= WORK TO COMPLETE =
Within the entries below, please return exactly the lines from the one with "free-printable-cv-examples-resume-restiumani-resume-nvlwvlvo9l" through the one with "Djimon Hounsou in", leaving out any pictures.

= INFORMATION SUPPLIED =
[Start of section]
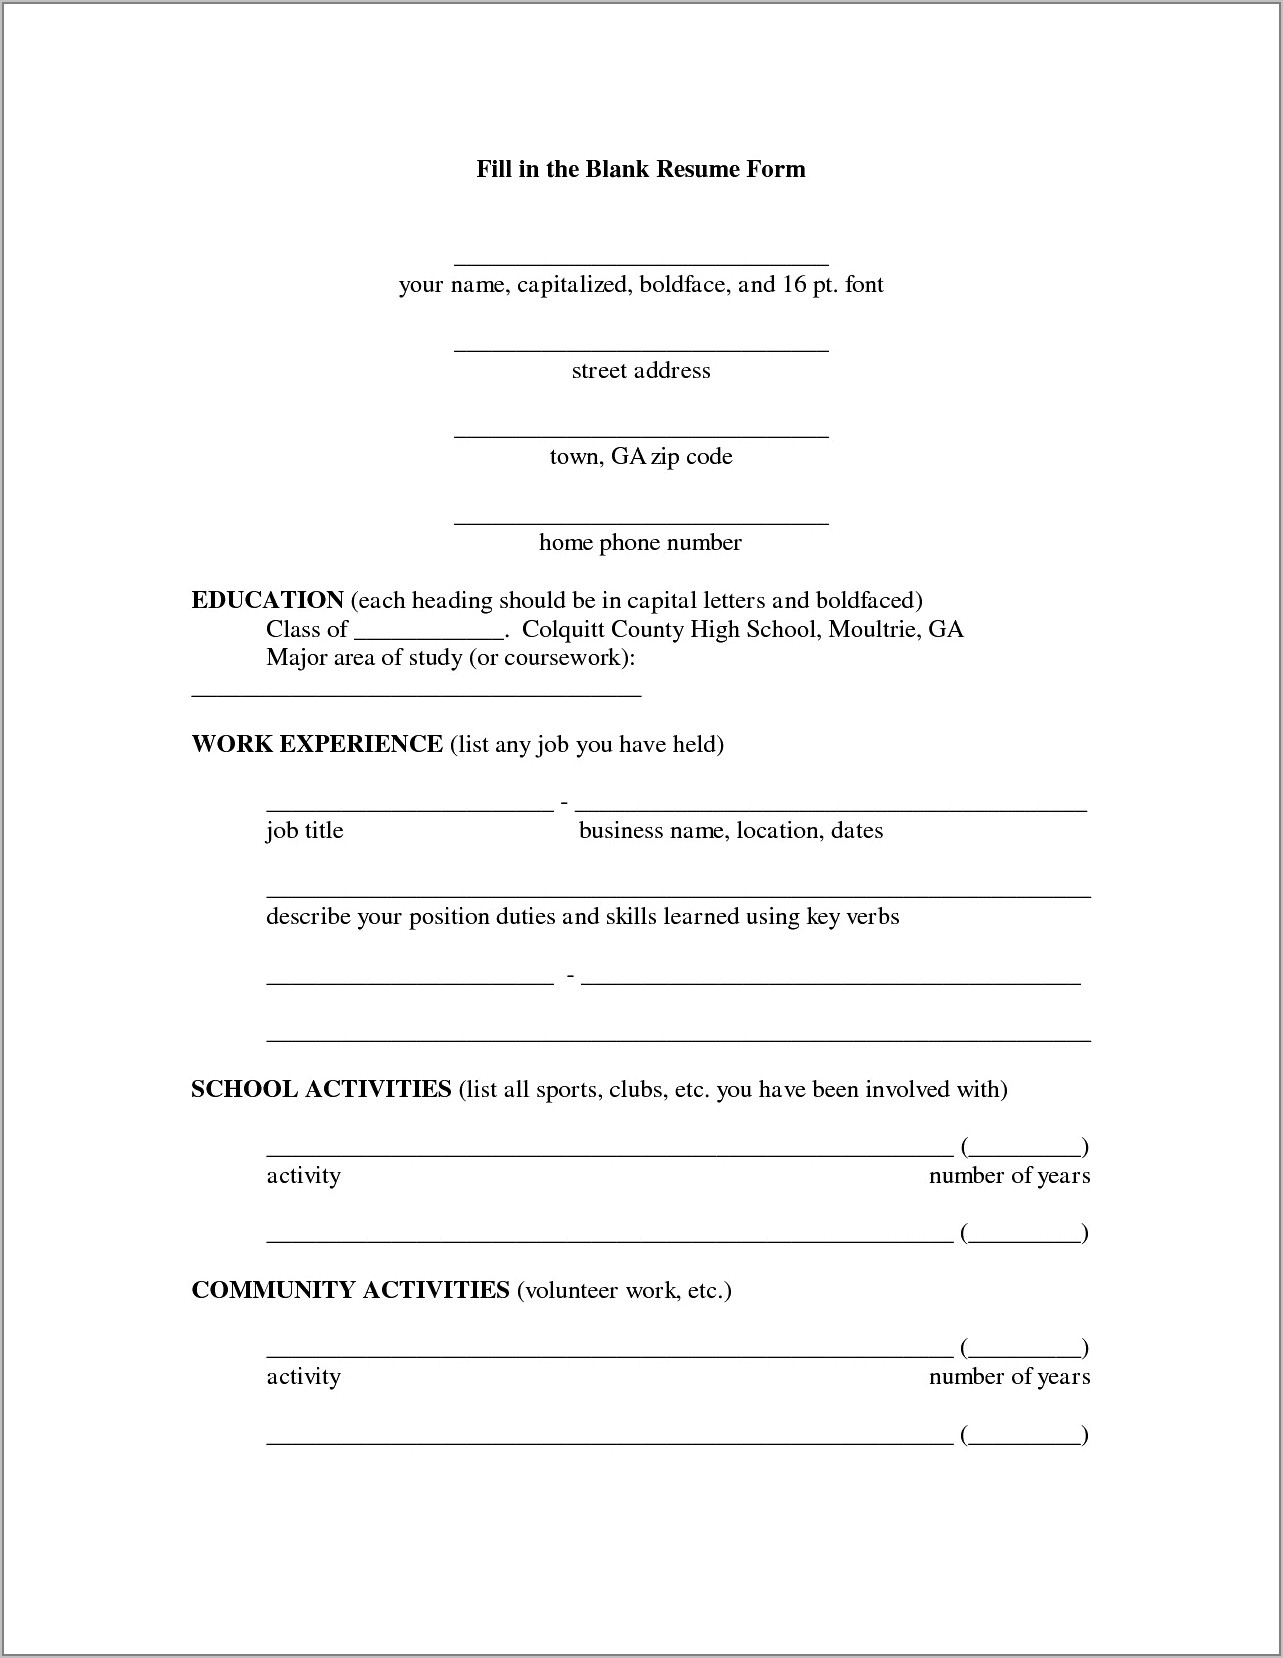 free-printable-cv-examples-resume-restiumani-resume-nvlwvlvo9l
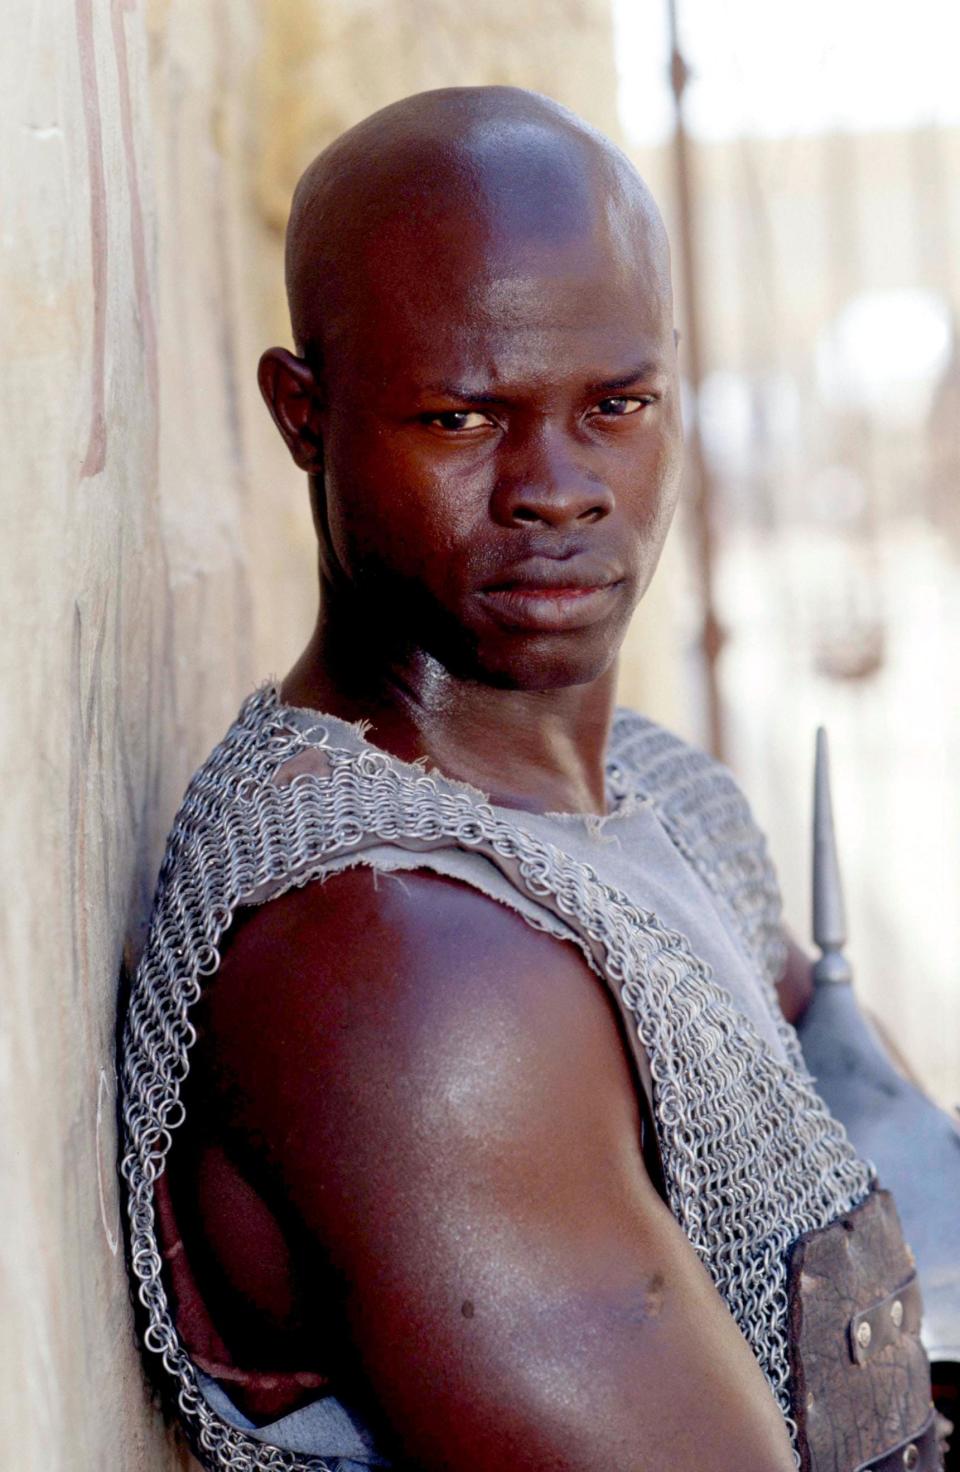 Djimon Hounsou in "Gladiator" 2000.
[End of section]
[Start of section]
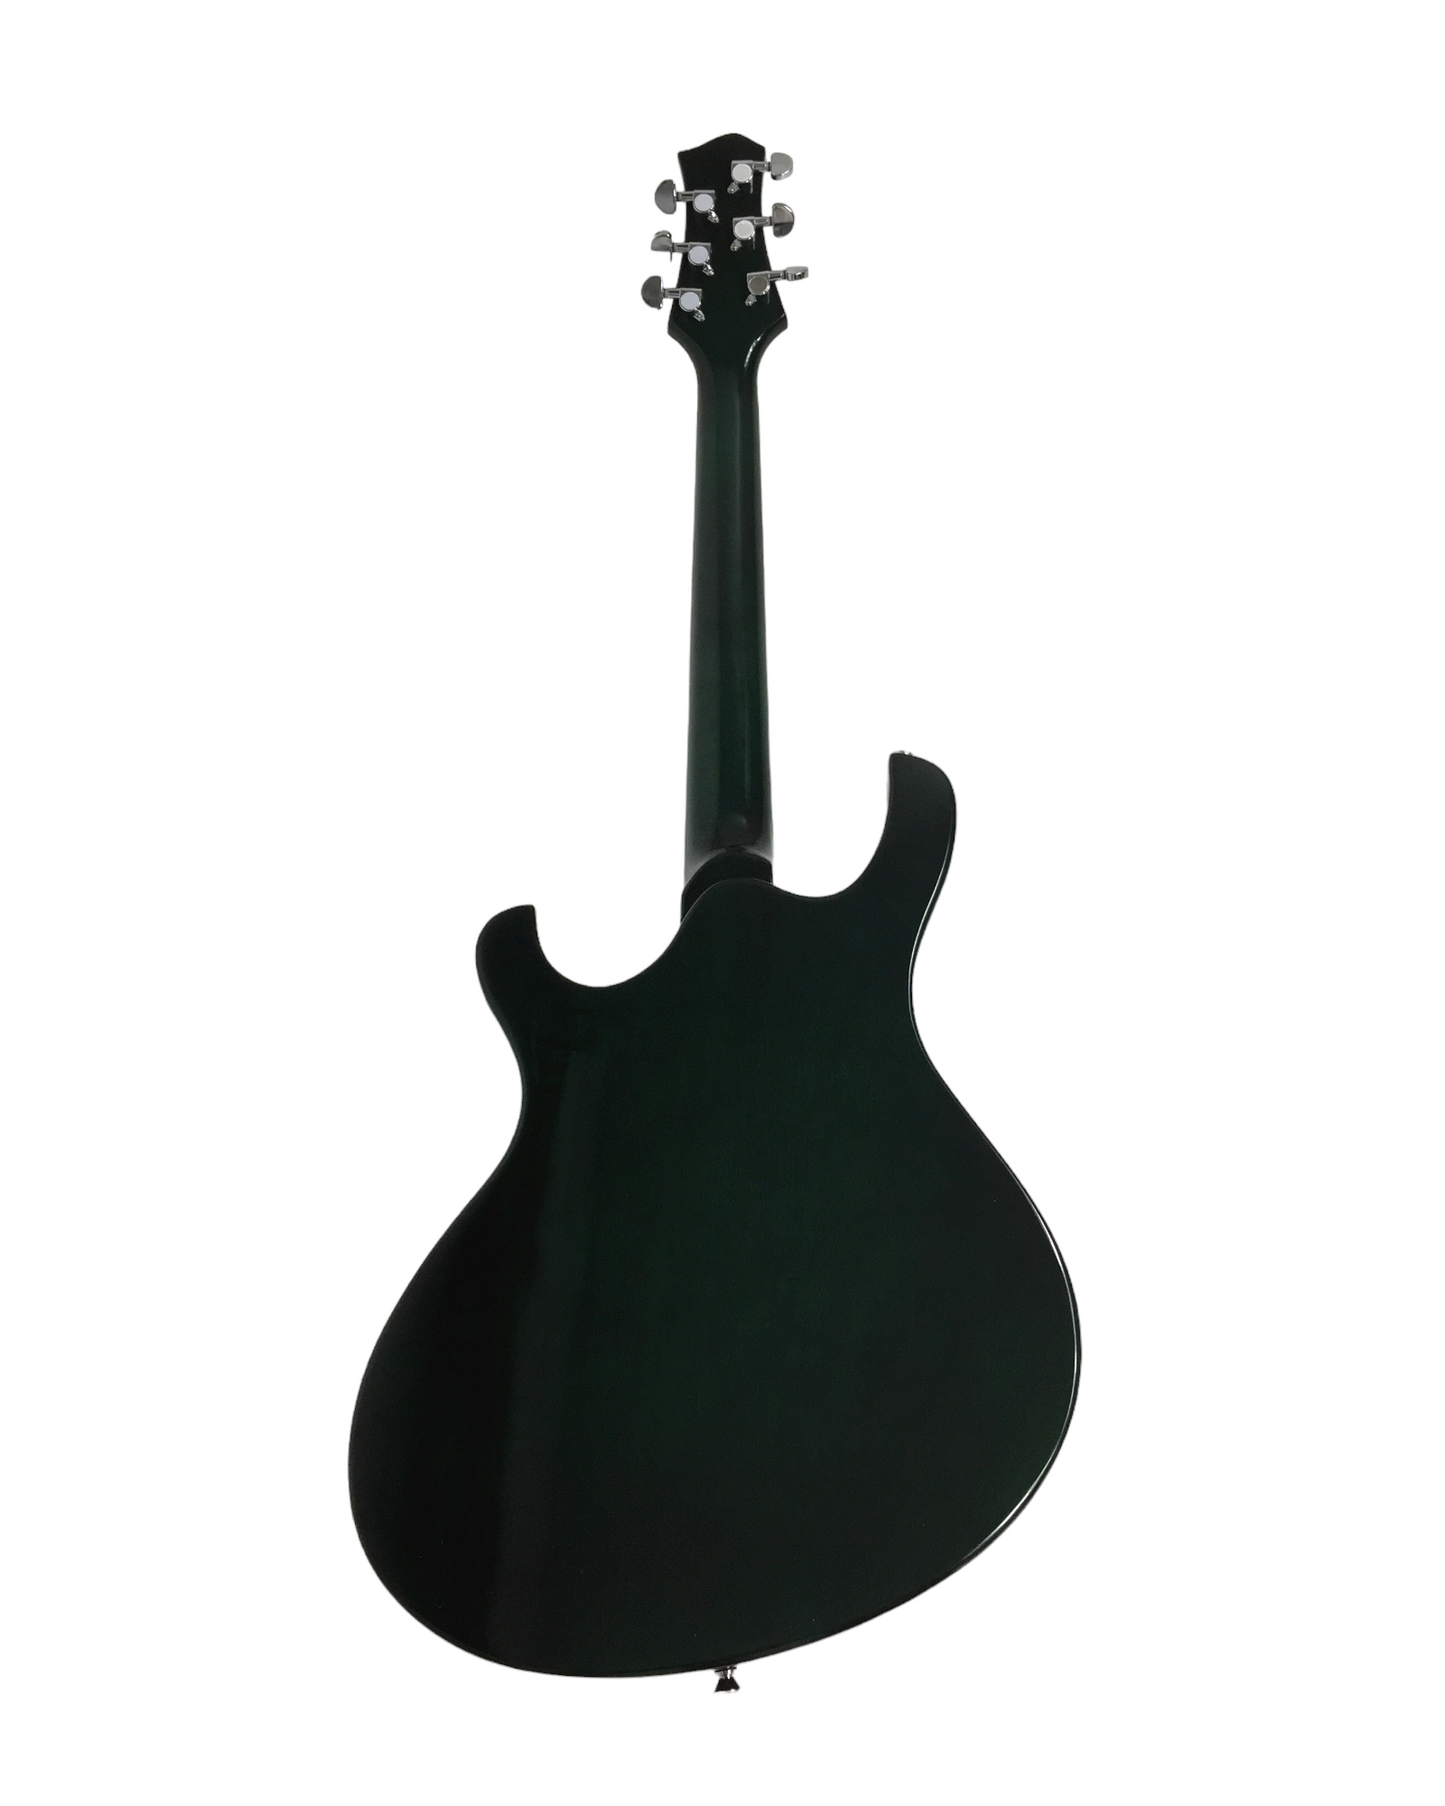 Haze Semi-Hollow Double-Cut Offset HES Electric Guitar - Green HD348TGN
[End of section]
= OUTPUT FOR THIS TASK =
 free-printable-cv-examples-resume-restiumani-resume-nvlwvlvo9l
 Djimon Hounsou in "Gladiator" 2000.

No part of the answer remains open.